#### DATA SHOWN:
----

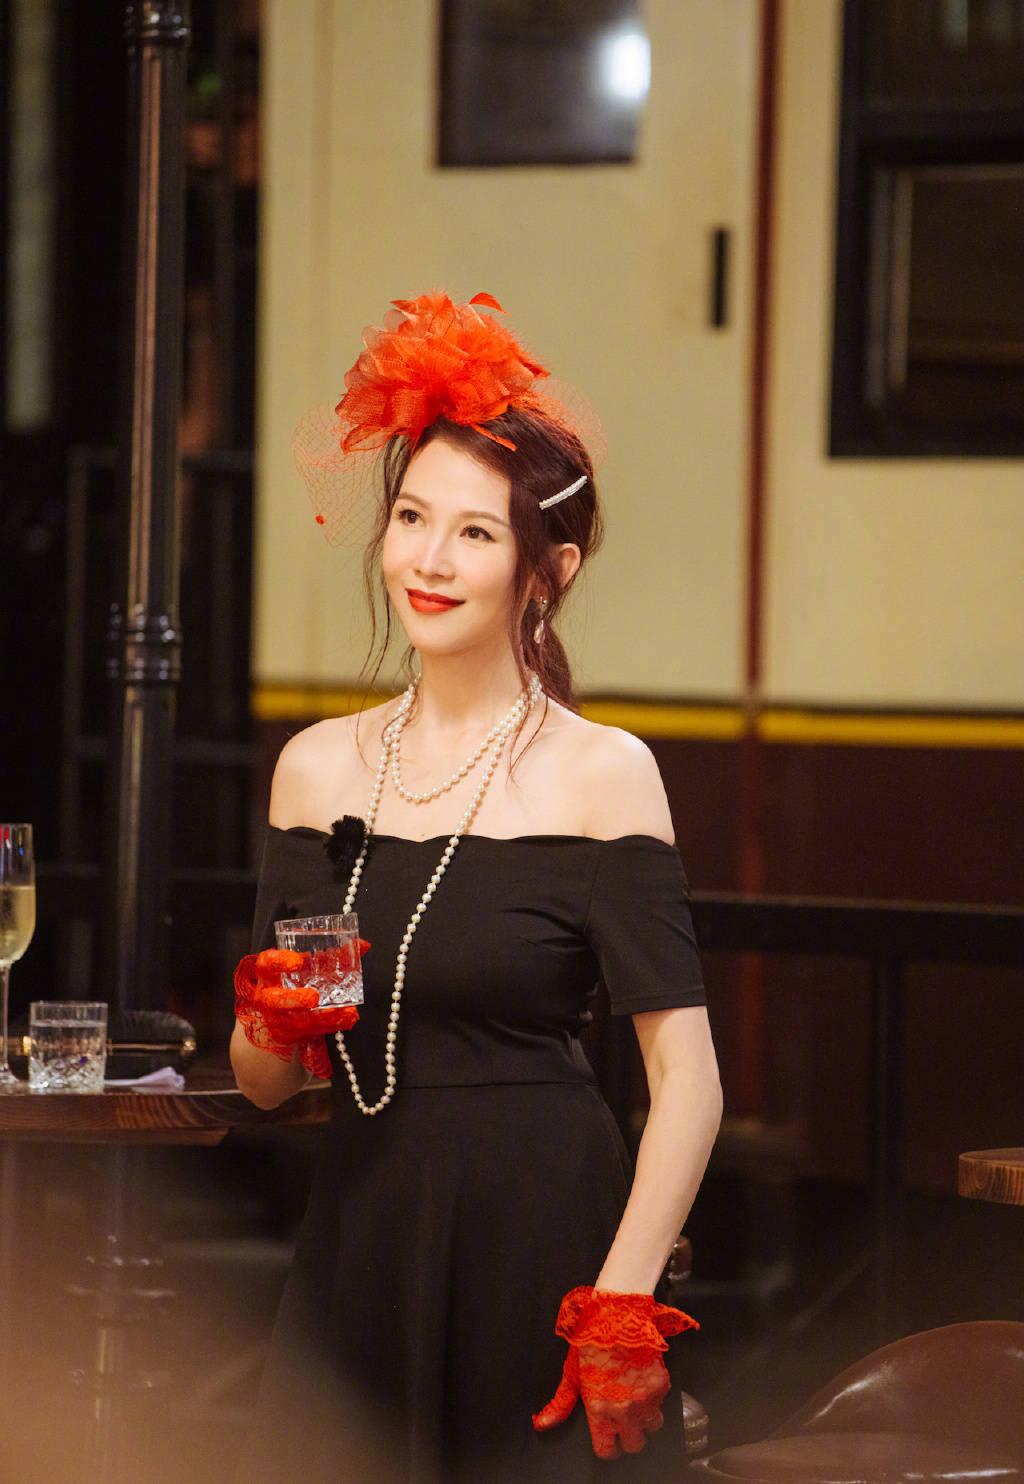 不愧是港姐季军,蔡少芬露肩连衣裙配红色礼帽,优雅得像复古名媛
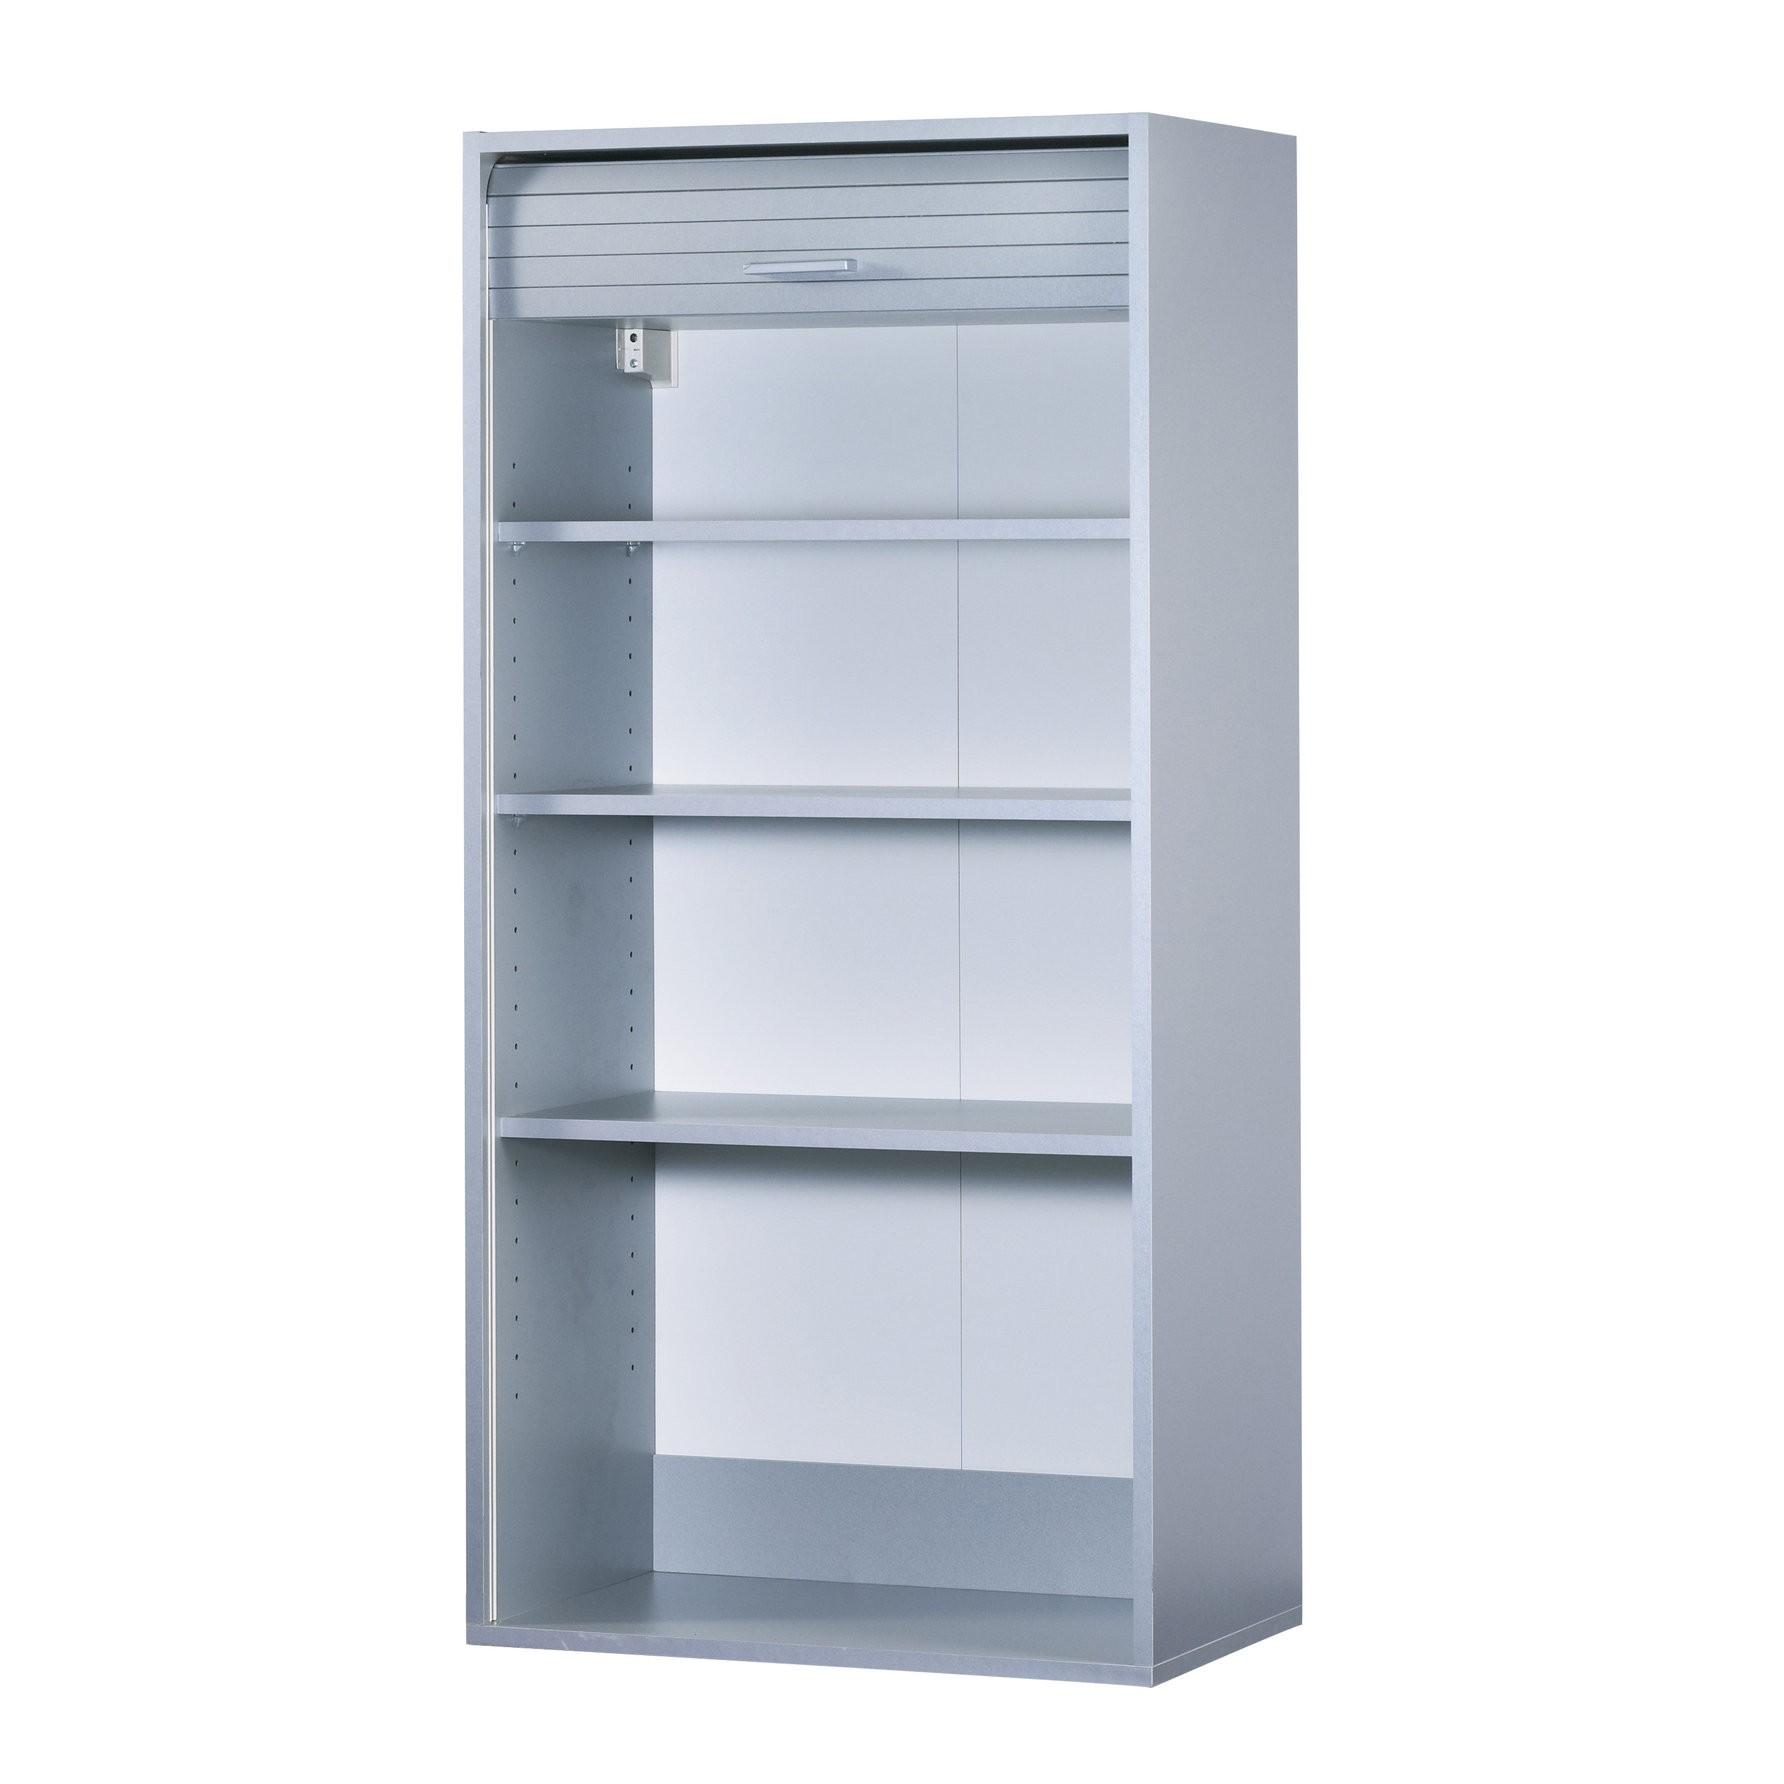 grand meuble rangement cuisine mcu 0101 2250 p05 element pour avec rideau coulissant h1236cm cook
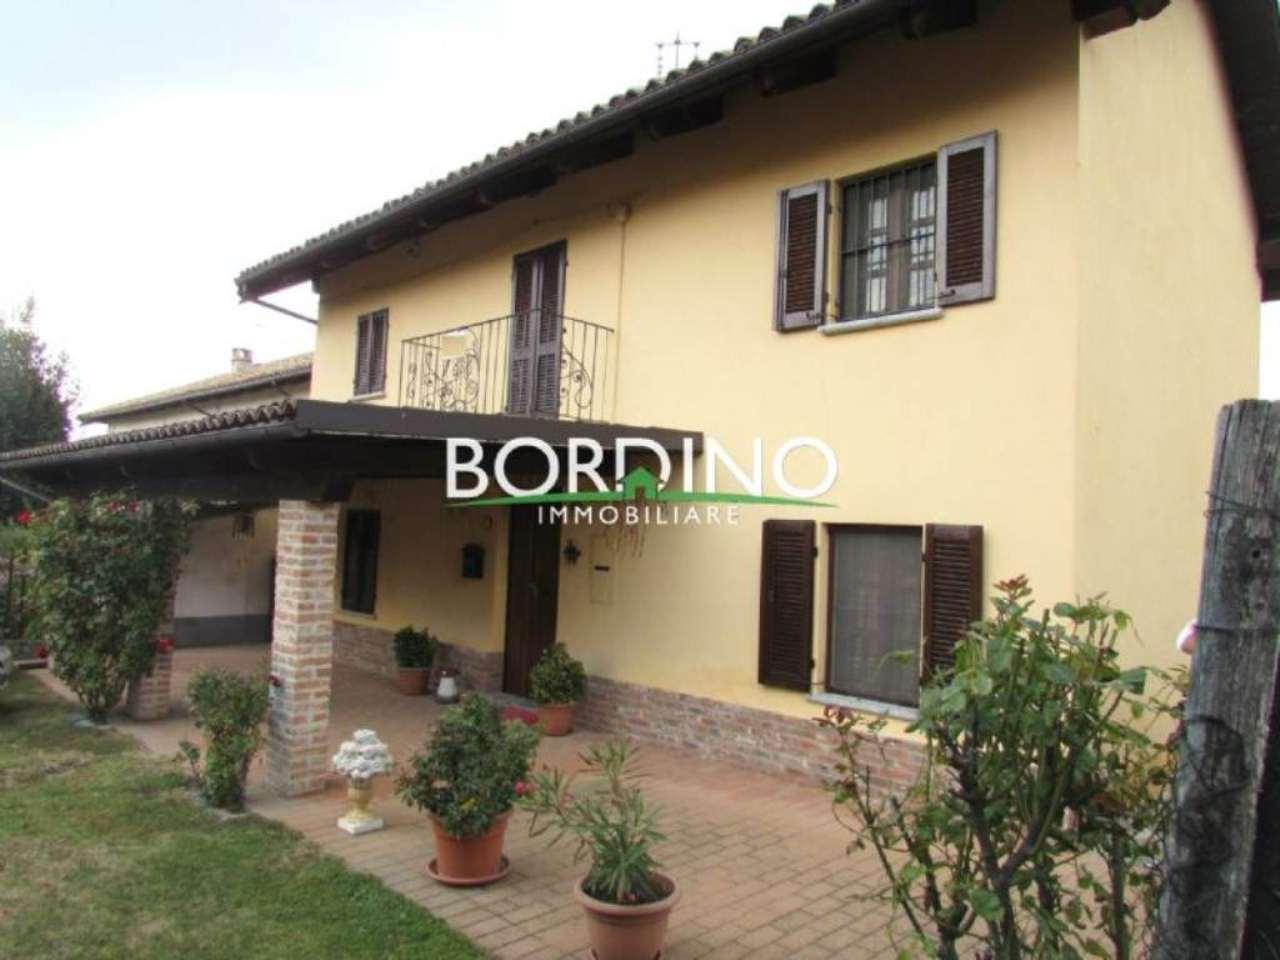 Soluzione Indipendente in vendita a Costigliole d'Asti, 5 locali, prezzo € 185.000 | Cambio Casa.it

----

#### THE TASK:
Write out the material above once more, exactly as it reads, with no pictures.

#### TASK OUTPUT:
 不愧是港姐季军,蔡少芬露肩连衣裙配红色礼帽,优雅得像复古名媛
 grand meuble rangement cuisine mcu 0101 2250 p05 element pour avec rideau coulissant h1236cm cook
 Soluzione Indipendente in vendita a Costigliole d'Asti, 5 locali, prezzo € 185.000 | Cambio Casa.it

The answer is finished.